▸ **WHAT YOU HAVE TO DO**:
Beginning at the line containing "ほのぼのした日常BGMの未再生の波形", repeat each line below exactly up to and including the line containing "Hyatt Globalist Status mit 75% Ersparnis". Do not repeat the pictures.

▸ **EXTRACTED ENTRIES**:
╭──

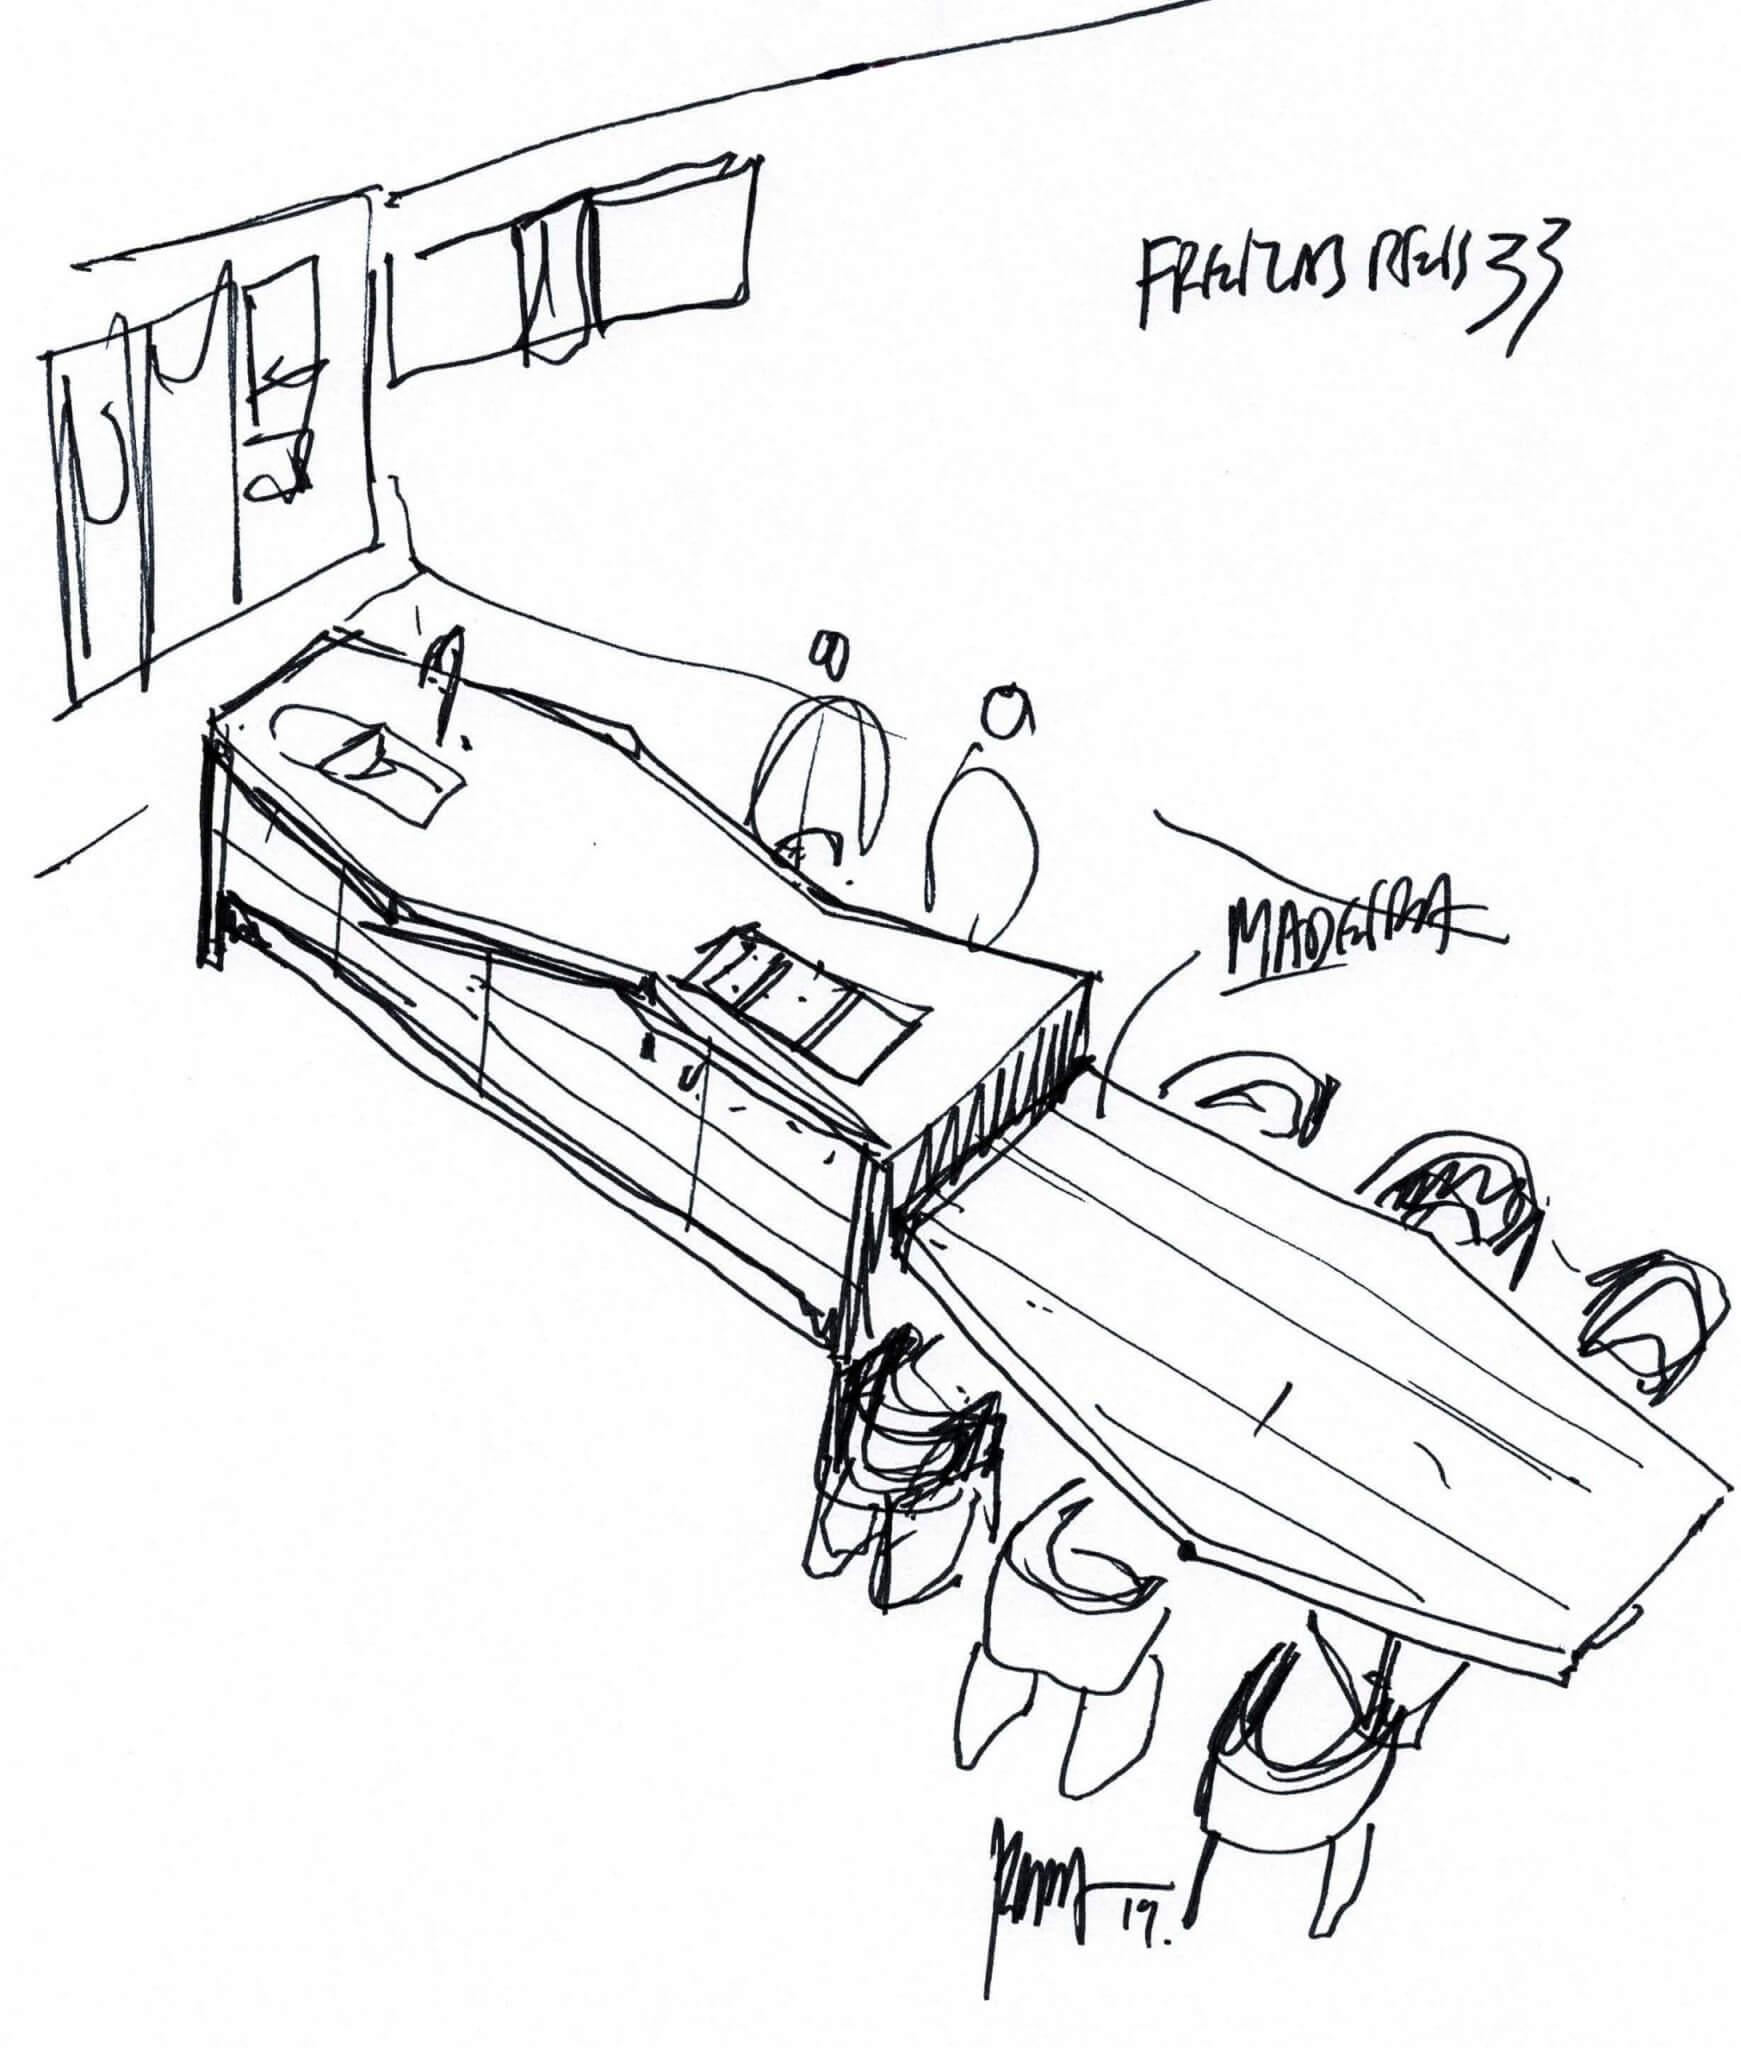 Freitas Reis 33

╰──
╭──

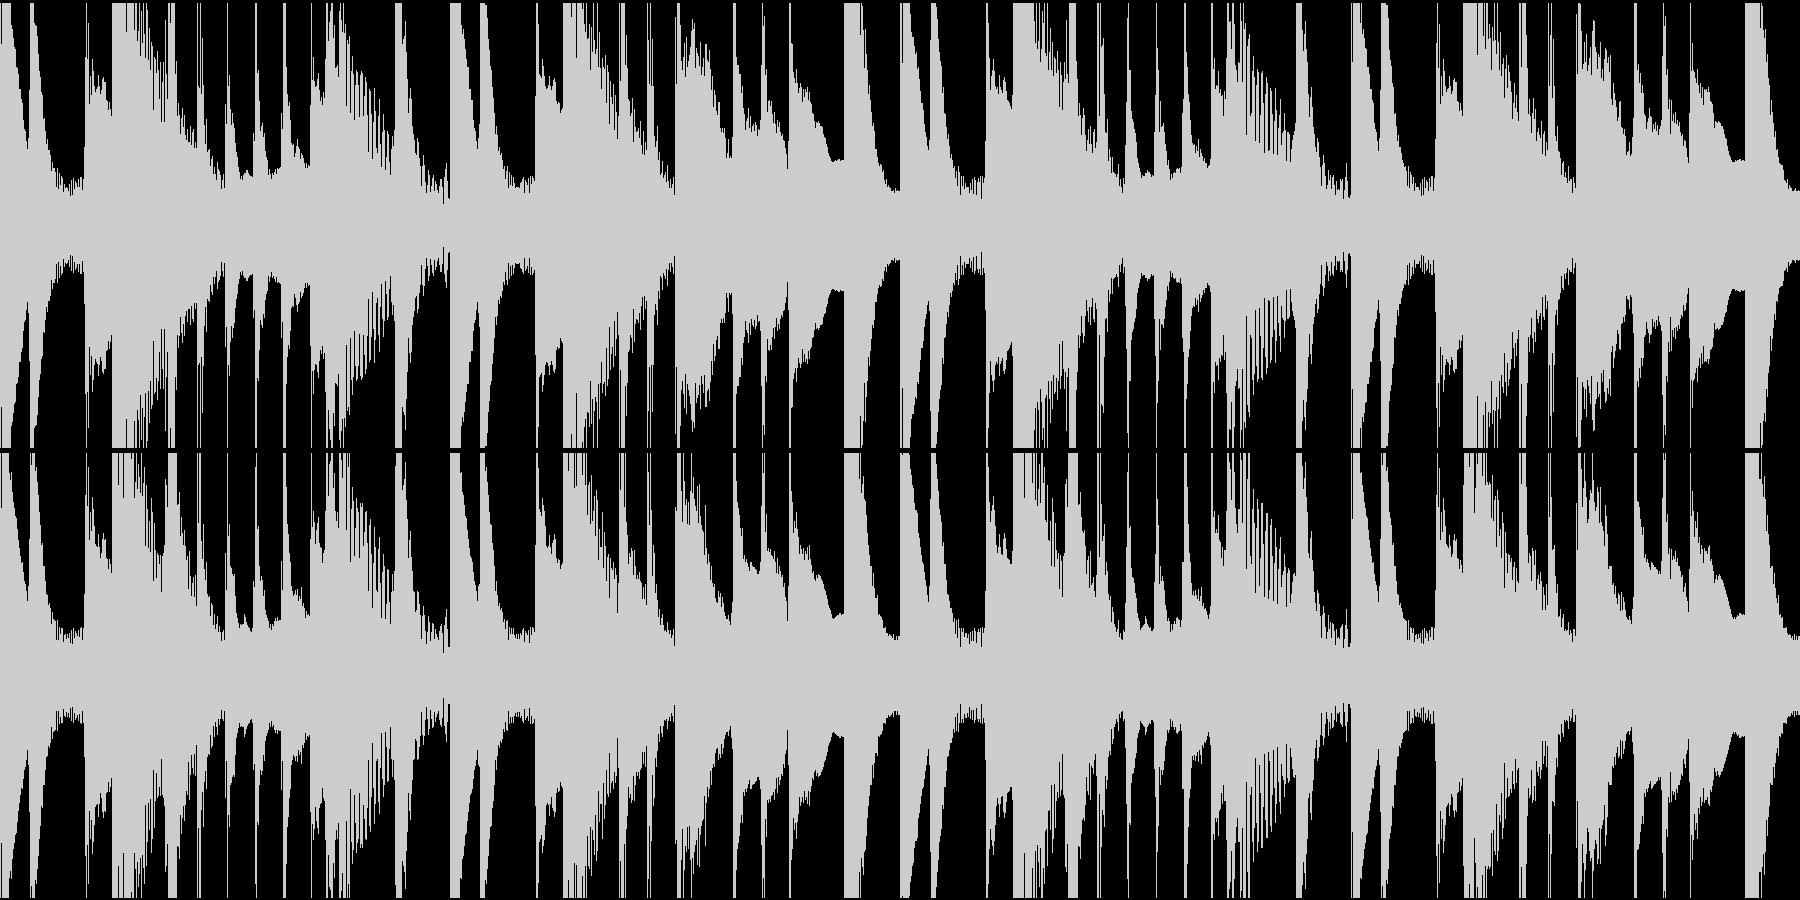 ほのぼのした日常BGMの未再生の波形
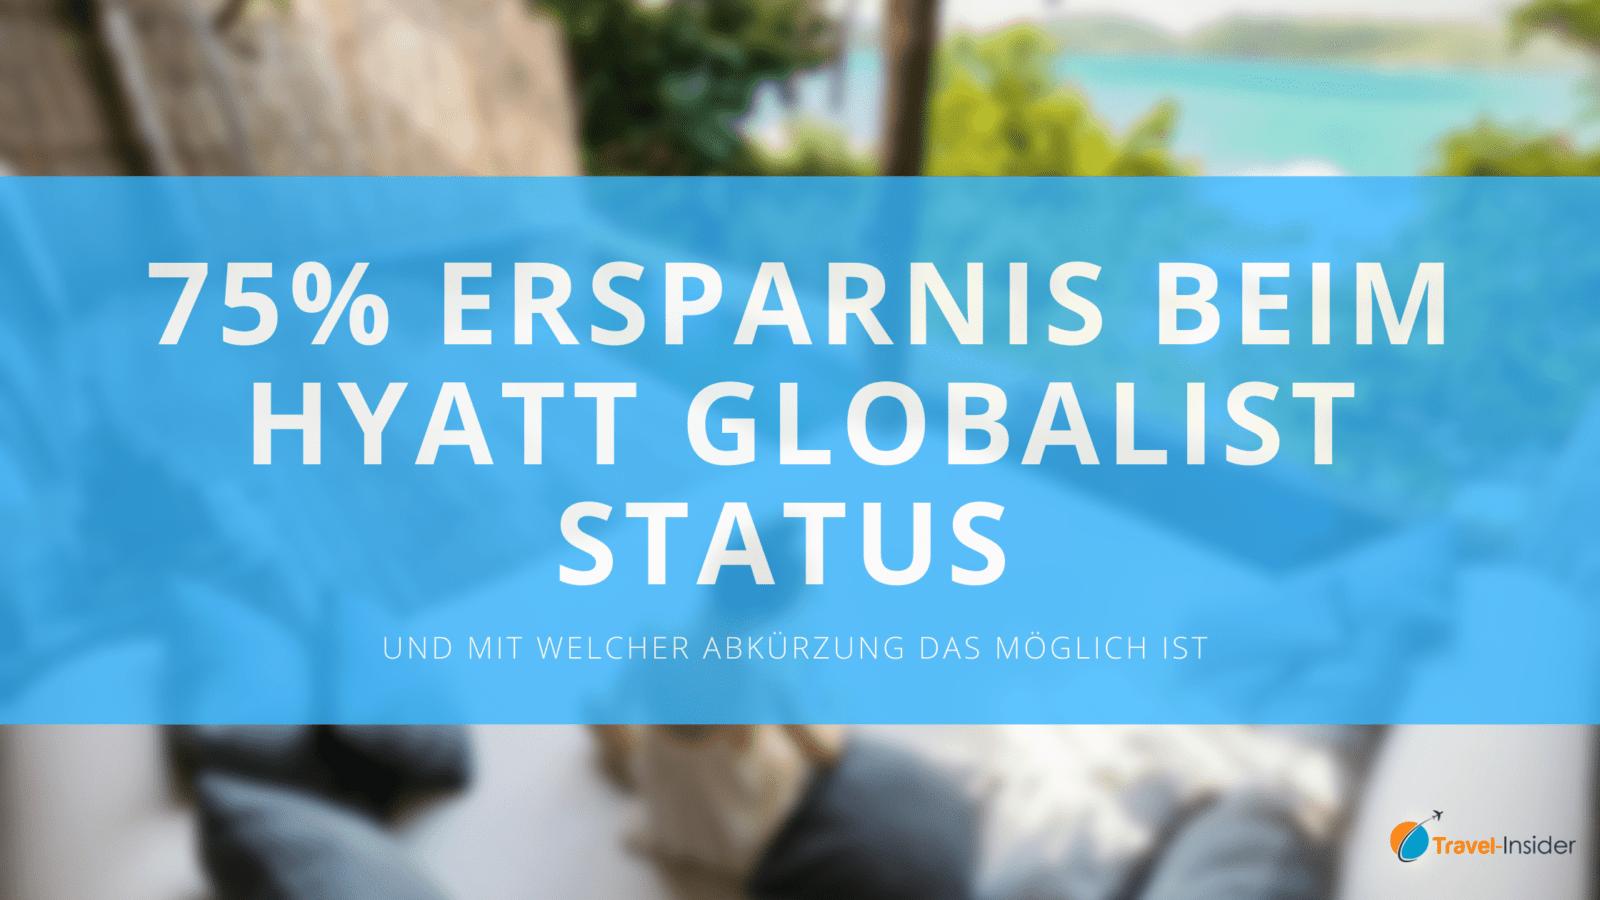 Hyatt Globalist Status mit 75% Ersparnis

╰──

▸ **SOLUTION TO THE PROBLEM**:
 ほのぼのした日常BGMの未再生の波形
 Hyatt Globalist Status mit 75% Ersparnis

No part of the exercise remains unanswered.